As I think about my brother, I am humbled and somewhat sad. After becoming adults with so little in common, he and I stayed very distant. Mostly my fault but he knew my phone number too. Our life paths couldn’t have been more dissimilar. I learned this phenomenon may well be related to my own Adult Children of Alcoholics role. As the family “hero” I colored within the family lines and tried to do what was right. But as soon as I could, I got far, far away from home and any source of past remembrances. When I got together with my brother and sister, when I saw their struggles, I somehow felt like it was my fault. Of course it wasn’t. We did get together a few times. Though I always left feeling guilty, I found Jim and sister Cindy to be gracious, unpretentious, and wondering why I was such a distant big brother. I wasn’t in touch then with the “why” on that one. Even today, I believe I failed them as their big brother and as an uncle to my nieces and nephews. I’m glad I had the chance to affirm both Jim and Cindy, expressing face-to-face my feelings toward them.

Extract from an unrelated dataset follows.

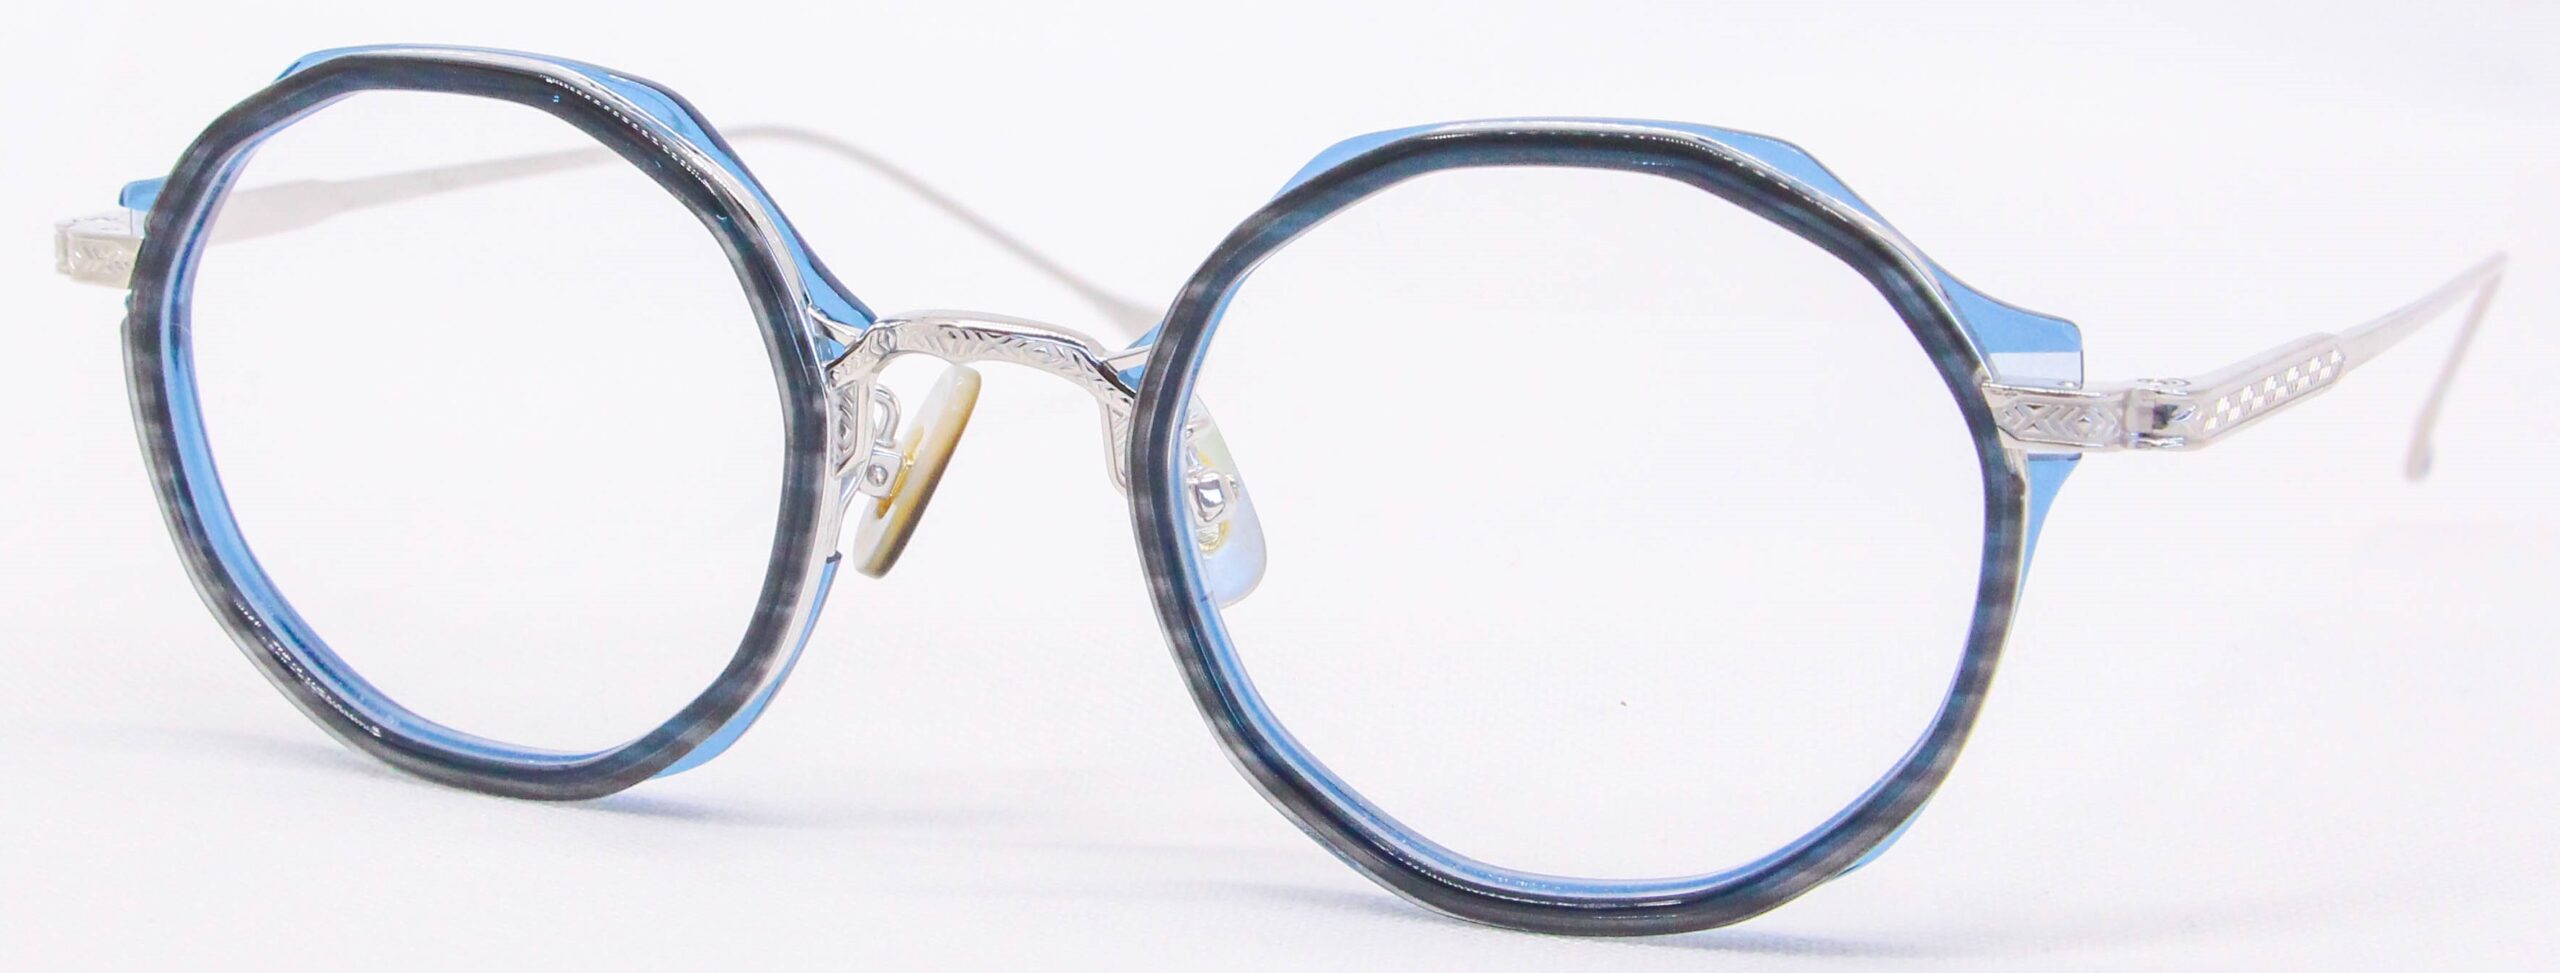 眼鏡のカラータイプC-4 Gray-Blue/Silver
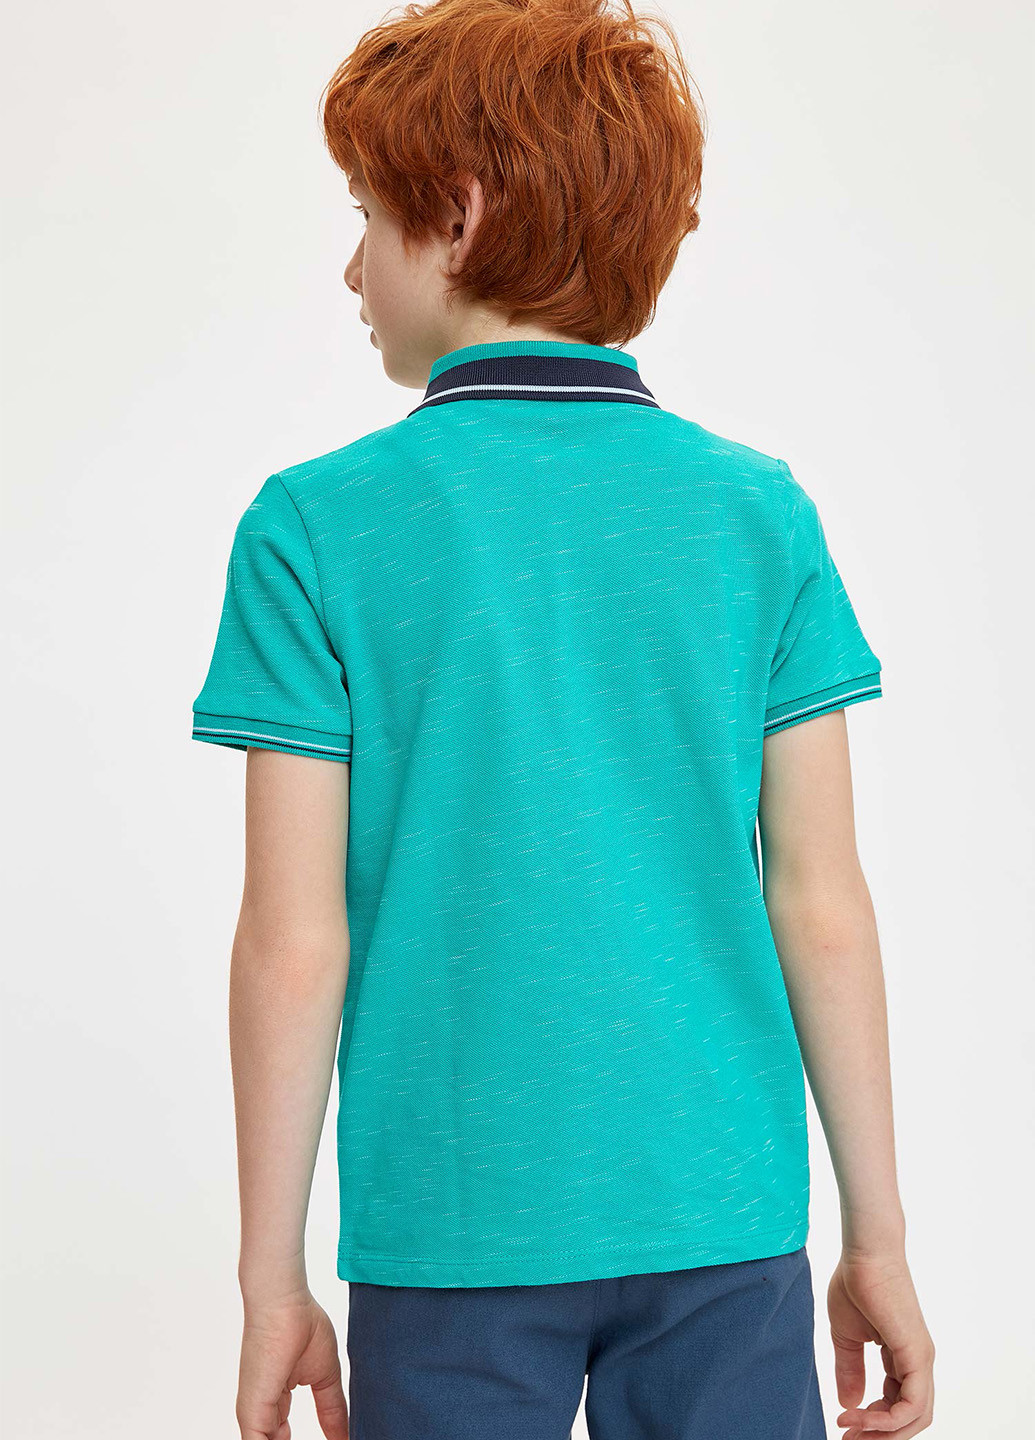 Зеленая детская футболка-поло для мальчика DeFacto с логотипом

In July 2023, Patty and I got to visit Jim and his wife Sharon at their home in Oklahoma. Jimmy was obviously very sick but still gracious and very glad to see his big brother. There were tears, no surprise. I am so glad we made that trip.
Just a couple of years earlier, I was at the hospital bedside of my little sister, even younger than Jimmy. Like Jim, Cindy also had a rough early life. She died in April, 2022. I was honored to conduct her funeral.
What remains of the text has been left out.